For a long time I've been using my ugly home spun aac-conf-tools to verify FFmpeg's decoder against the MPEG reference decoder over the ISO test vectors. This approach has one huge problem; it requires the non-free, unportable, and hard to build ISO reference software.

Luckily Mans Rullgard has come to my rescue and added off-by-one testing to FATE. This allows us to compare FFmpeg's output to predecoded streams. While migrating to this method it seemed worthwhile to use the output streams provided by ISO rather than decode ideal output on my system with FFmpeg or the reference decoder. In particular I don't trust the sloppy reference code on a modern compiler.

However this has caused several problems. Most importantly it appears that the output for the al##/am## series starts 2048 samples late compared to the reference decoder. For now I've generated silence (for streams that open with silence) or decoded the first 2048 samples with the reference decoder (for streams that don't) and prepended it to those streams as appropriate. The PNS (perceptual noise substitution) tool added in MPEG-4 AAC takes parts of the signal that noisy parts of the signals describes the noise, and allows the decoder to regenerate the noise. FFmpeg uses a RNG to generate the noise that is different from from the reference decoder so our results are different than the reference rendering but still fall within the requirements for conformance.

For the time being I've added five tests to try to cover the bulk of AAC features.

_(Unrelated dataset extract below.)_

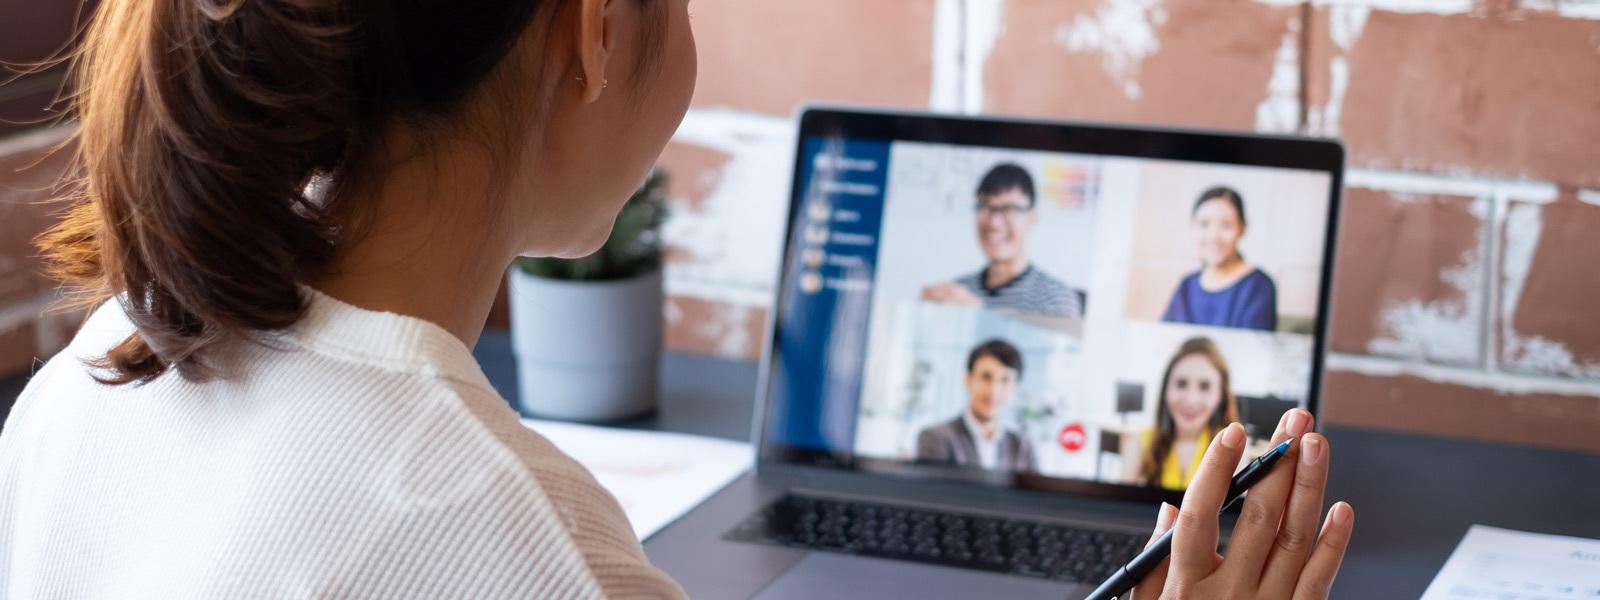 Image d'une femme ayant un appel vidéo en ligne avec des collègues.

Let's look at the tests individually.

  • fate-aac-al04_44: This test covers AAC-LC mono at 48000 Hz with the following bitstream features: program config element, data stream element, pulse data, TNS, and window shape switching.
  • fate-aac-al07_96: This test covers AAC-LC 5.1 at 96000 Hz with the following bitstream features: program config element, intensity stereo, mid/side stereo, TNS, and dependent coupling.
  • fate-aac-am00_88: This test covers AAC-Main mono at 88200 Hz with the following bitstream features: program config element, window shape switching, and backwards prediction.
  • fate-aac-al_sbr_hq_cm_48_2: This test covers AAC-LC stereo at 24000 Hz + SBR with the following bitstream features: indexed channel configuration, mid/side stereo, TNS, window shape switching, pure upsampling SBR, and upsampled SBR synthesis.
  • fate-aac-al_sbr_ps_06_ur: This test covers AAC-LC mono at 16000 Hz + SBR + PS with the following bitstream features: program config element, window shape switching, pure upsampling SBR, upsampled SBR synthesis, PS IID data, PS ICC data, PS mixing mode A, and PS iid-/icc-mode.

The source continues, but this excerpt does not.